Tout d’abord, nous avons collecté manuellement les chronologies, en analysant les tweets de quelque 19 000 utilisateurs, soit l’équivalent de la population d’un village ou d’une petite ville. Nous avons ensuite utilisé deux ensembles de données, un pour les utilisateurs qui ont déclaré avoir reçu un diagnostic de problème de santé mentale et un autre sélectionné au hasard à des fins de contrôle. Nous voulions faire la distinction entre les personnes souffrant de dépression et la population générale. »
Ivandre Paraboni, dernier auteur de l’article et professeur à l’USP’s School of Arts, Sciences and Humanities (EACH)

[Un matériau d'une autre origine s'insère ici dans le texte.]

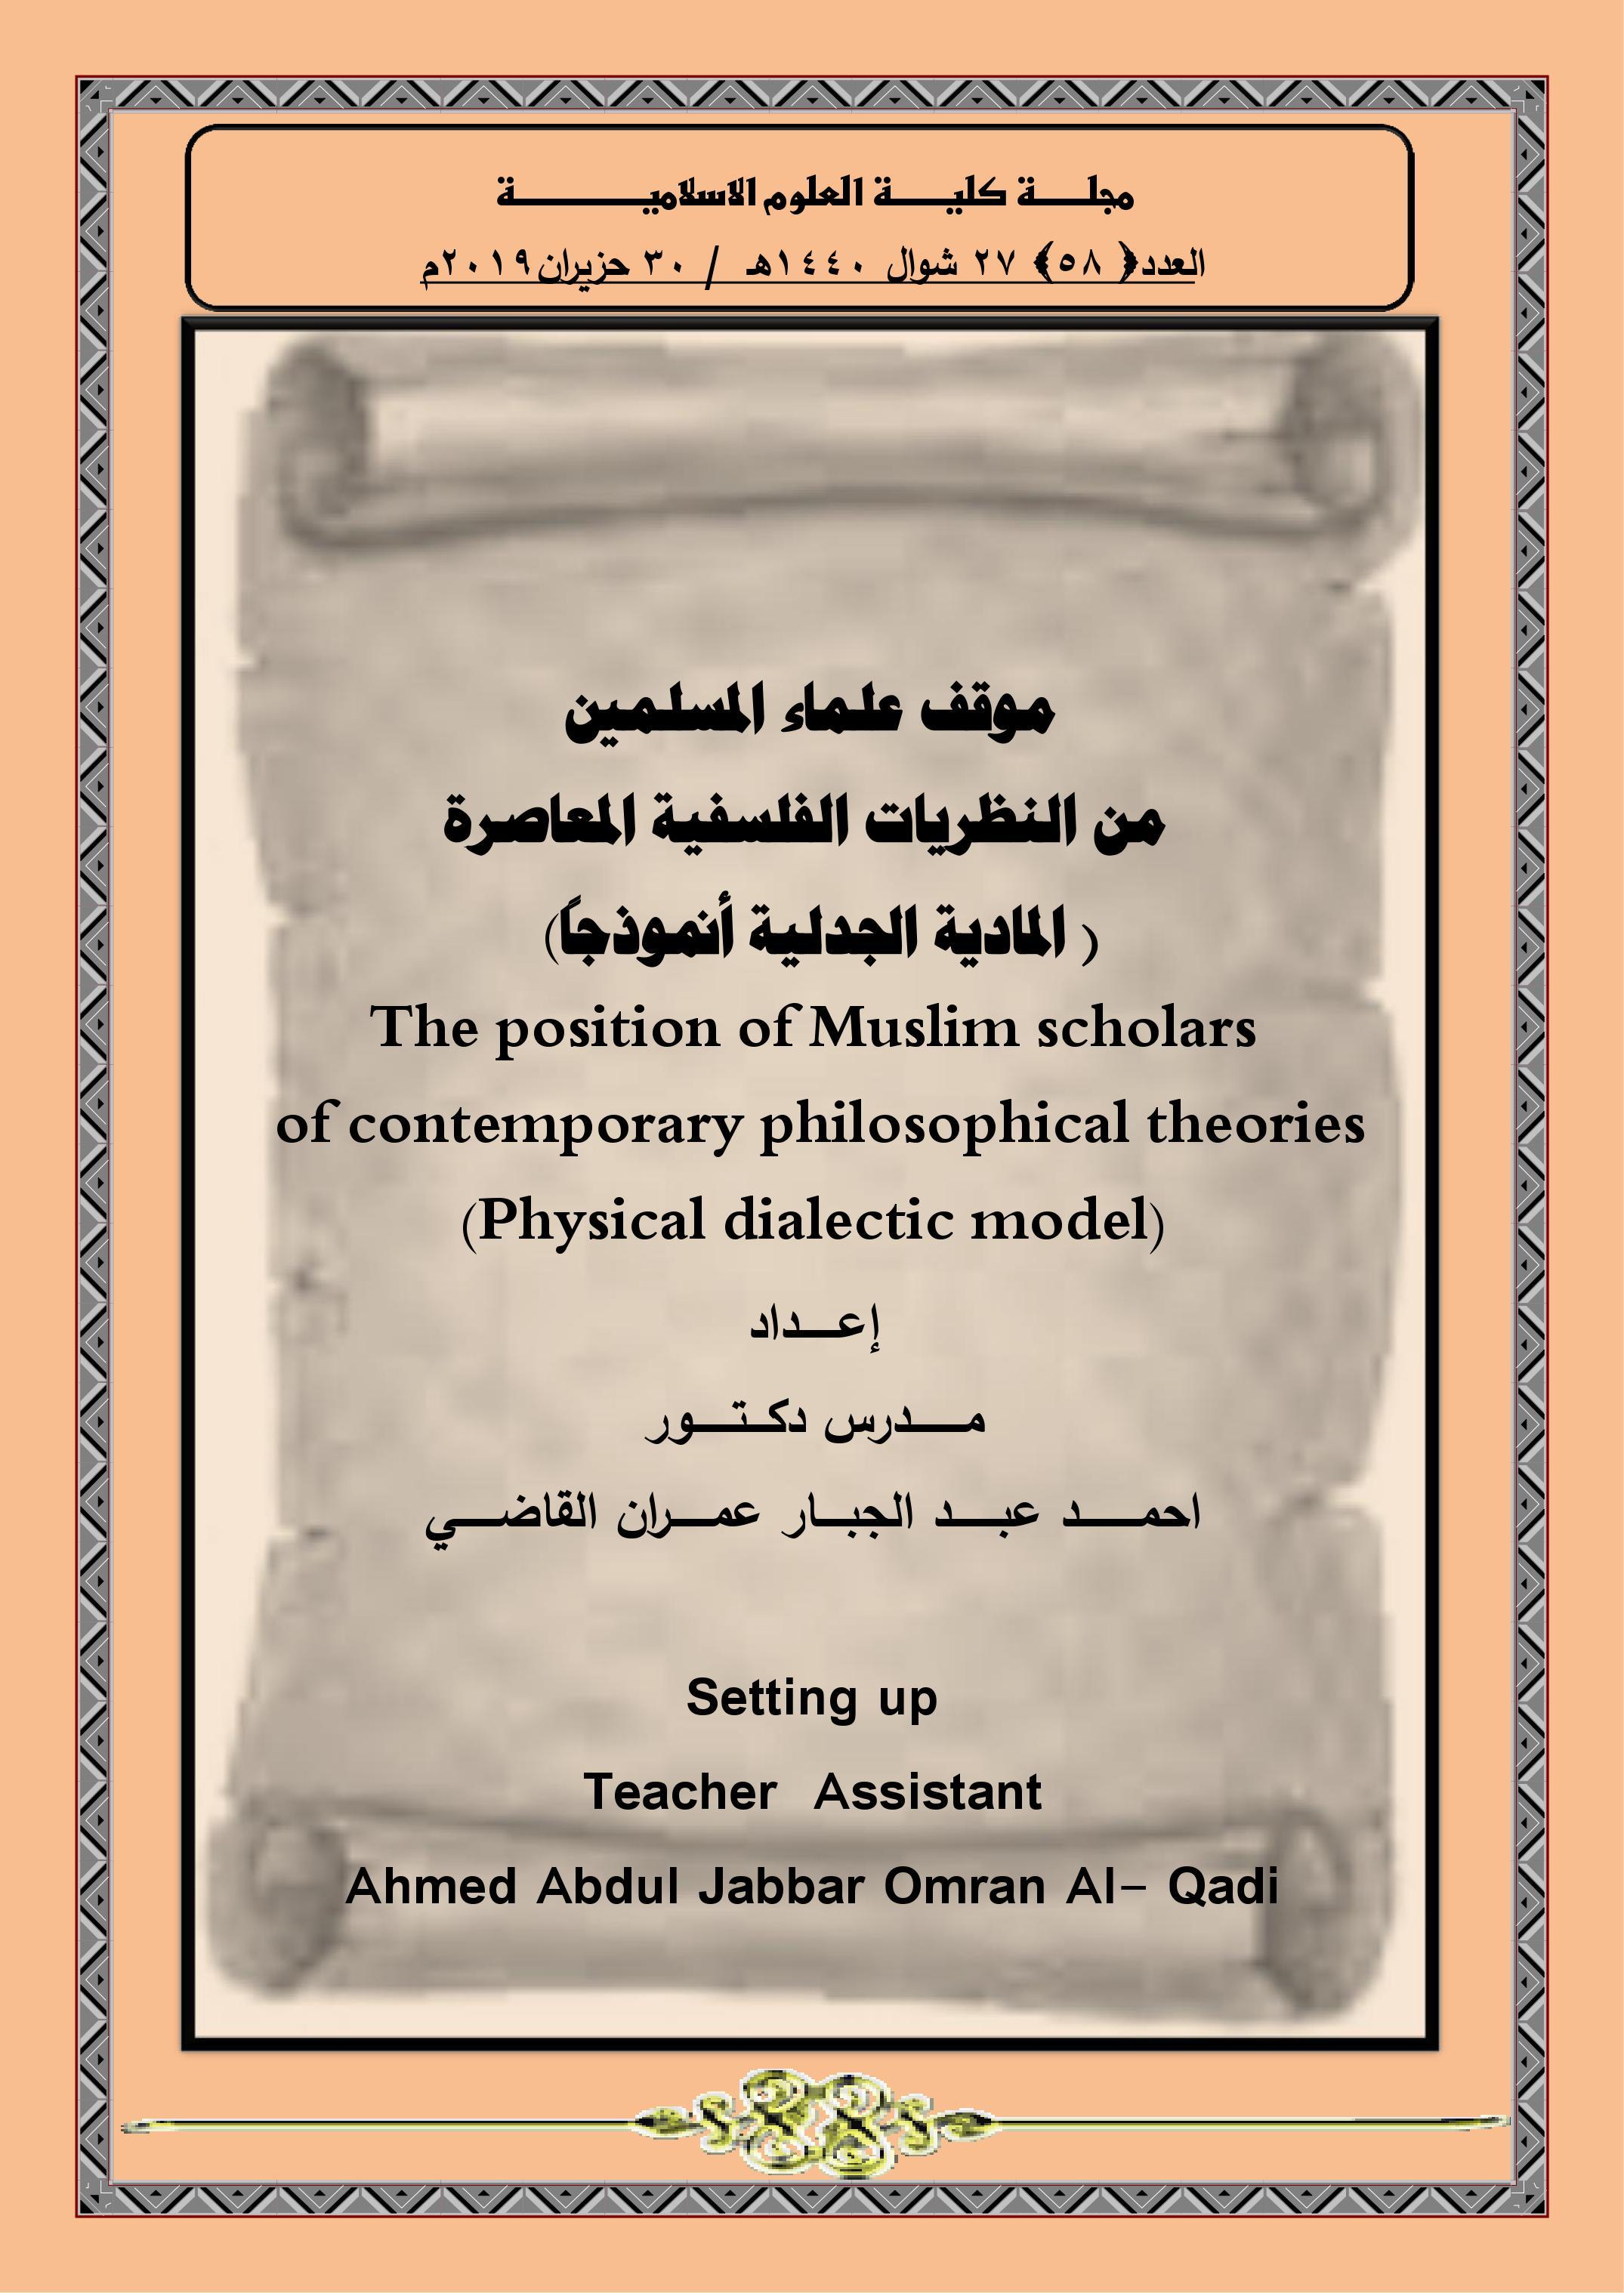 موقف علماء المسلمين  من النظريات الفلسفية المعاصرة ( المادية الجدلية أنموذجاً

L’étude a également recueilli des tweets d’amis et de followers, conformément au constat que les personnes ayant des problèmes de santé mentale ont tendance à suivre certains comptes, tels que les forums de discussion, les influenceurs et les célébrités qui reconnaissent publiquement leur dépression. « Ces personnes sont attirées les unes vers les autres. Elles ont des intérêts communs », a déclaré Paraboni, chercheur au Centre d’intelligence artificielle (C4AI), un centre de recherche en ingénierie (ERC) créé par la FAPESP et IBM Brésil à l’USP.
La FAPESP a également soutenu l’étude du projet via le projet « Analyse du langage des médias sociaux pour la détection précoce des troubles de santé mentale », porté par Paraboni.
Les troubles de la santé mentale, y compris la dépression et l’anxiété, sont une préoccupation mondiale croissante. L’Organisation mondiale de la santé (OMS) a estimé sur la base des données de 2021 que 3,8 % de la population mondiale, soit quelque 280 millions de personnes, étaient touchées par la dépression.
L’OMS a également estimé une augmentation de 25% de la prévalence mondiale de ces problèmes de santé mentale pendant la pandémie de COVID-19. Les tweets ont été collectés pour l’étude durant cette période.
Dans une récente enquête du ministère brésilien de la Santé portant sur 784 000 participants, 11,3 % ont déclaré avoir reçu un diagnostic de dépression. La plupart étaient des femmes.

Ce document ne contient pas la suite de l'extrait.